Mae Sai is an anonymous border town where markets and stalls thrive, where trades more or less legit happen, and where tourism bring over the stench of Myanmar poverty. Entrance to Myanmar costs about 20 US Dollars, plus photocopies of your passport and a few paperwork formalities. The difference is plain to see through border guards’ behaviour: Thais are kind, smiling, and fast to give information. Their Burmese counterparts are just as kind but a bit colder and less smiling, diffident to the point of declining, albeit politely, even a harmless souvenir picture.
Then there is the bazaar, with its dirt, its miseries, its beggars always nagging in offering goods of all kinds: from the inevitable Viagra to decks of cards with the image of Saddam Hussein, from low quality stones of to pornographic movies. The immediate feeling is that Myanmar has nothing to do with its backdrop of wonderful temples, and that those nice kids you immortalise smiling and innocent, instead of representing hope they look like the image of a grey and anonymous future, and their smile will be turned off amongst the stalls of a local bazaar.
Chiang Saeng is the focal point of the Golden Triangle. From its shore you can make out the coast of Myanmar and Laos, and only eight hours by boat to the north lays China. The Mekong flows undisturbed with its brownish color further intensified by the sunset light. A one-hour tour with a local speed boat takes me to touch the three coasts, with a stopover at Laos’ Don Sao market.

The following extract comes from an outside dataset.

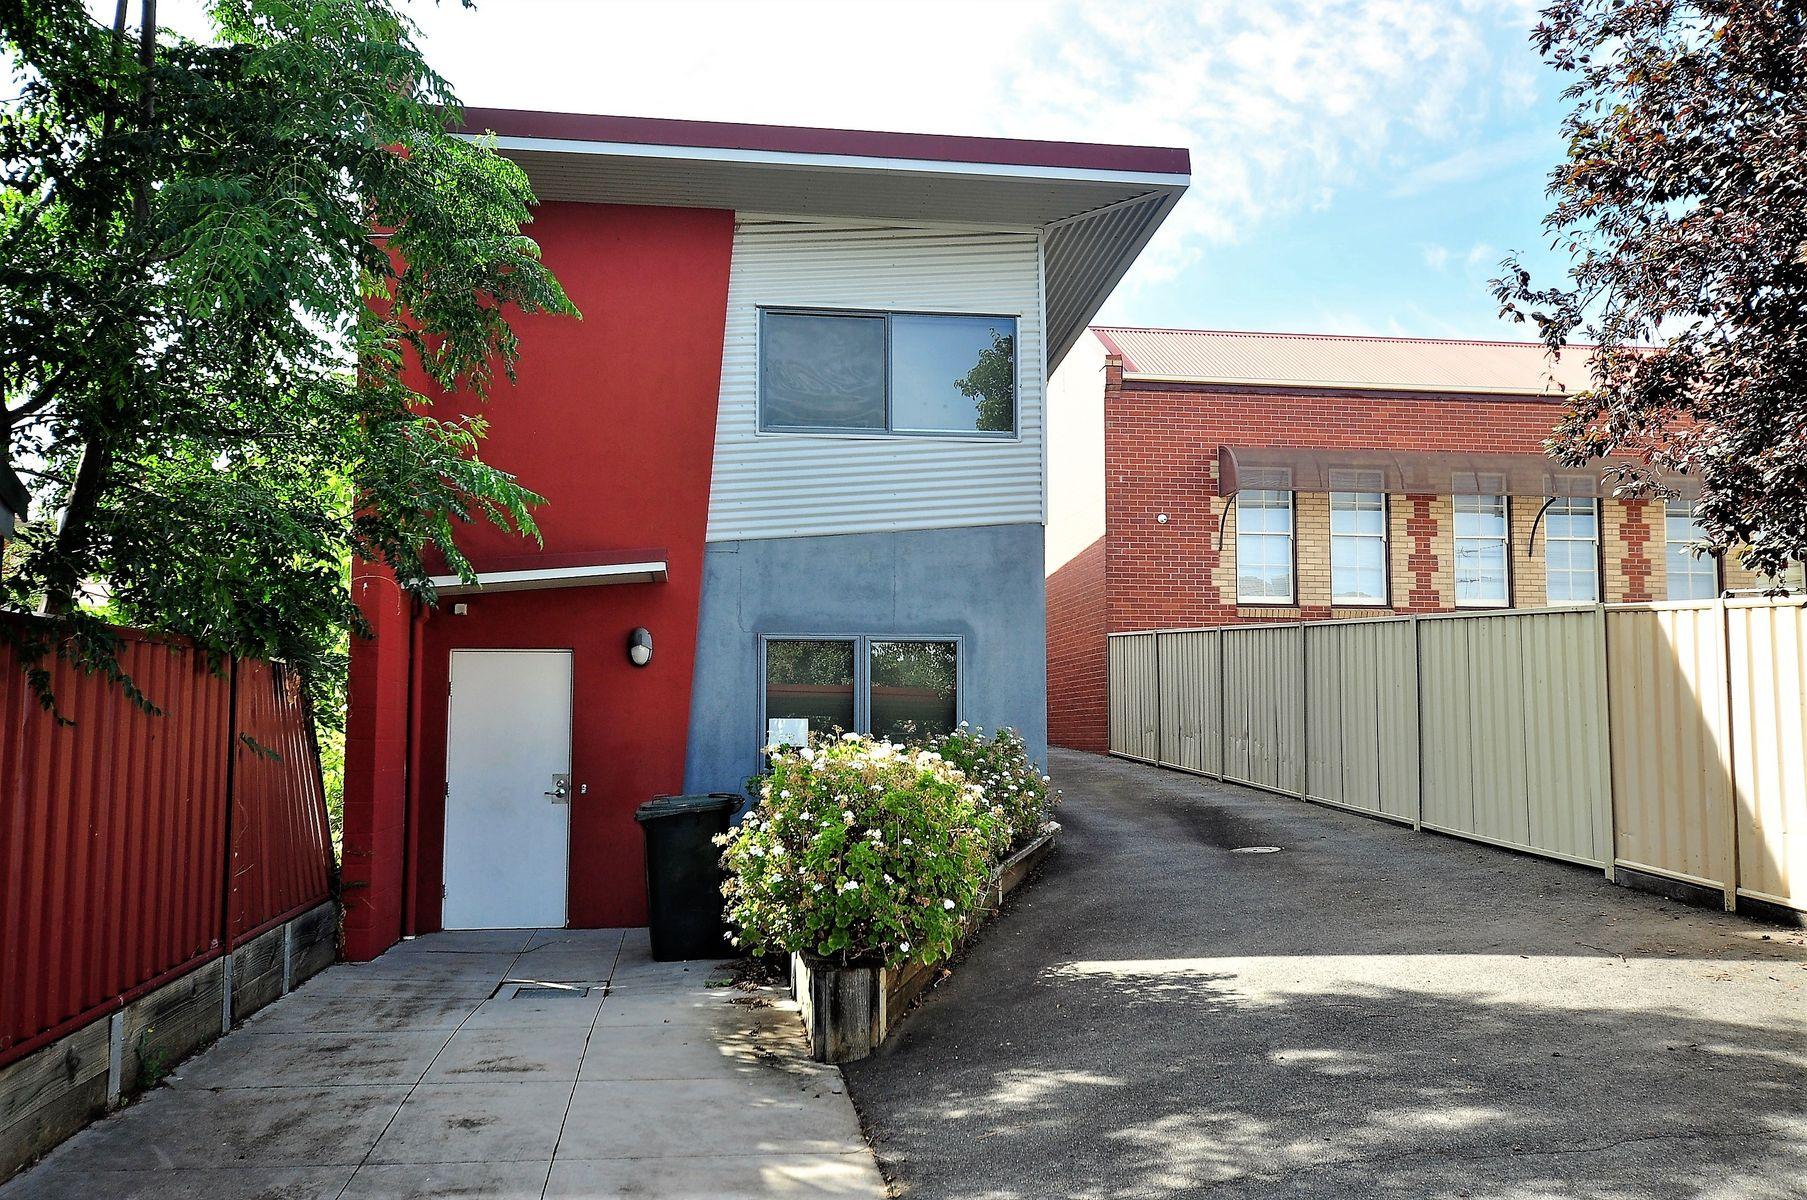 112 Queen Street, Bendigo, VIC 3550

Laos is less pretentious then Burma; entering the country only costs a few UD Dollars and no formalities at all. I do not even need a passport for this kind of clandestine entry, and the customs officer, if you can call him so, also poses for a souvenir photo. I walk casually among the stalls, glancing on simple local products amongst which Chinese-made items and spirit bottles with cobras, centipedes and other similar creatures inside, as well as silk of a decent quality.
Laos is a poor country that is finding its way, but its poverty seems to be quite a discreet one. It seems that people are aware that after the American bombs that have made this country known to the world only thanks to the services of war correspondents, there may be a tomorrow thanks mainly to tourism which brings people to visit Laos’ most valuable gems: Luang Prabang, and the 4000 islands where the Mekong River widens to form a sort of delta in the southern part of the country.
In the small village behind the market, a group of men are having fun playing a game of traditional takraw with a woven rattan ball, four women chat on the side of a stall, and only a bear locked in a cage reveals all its misery for a lost freedom. It looks like the image of the Laos of the past, but I cannot help but think that it reminds more of the image of the Myanmar that I saw today.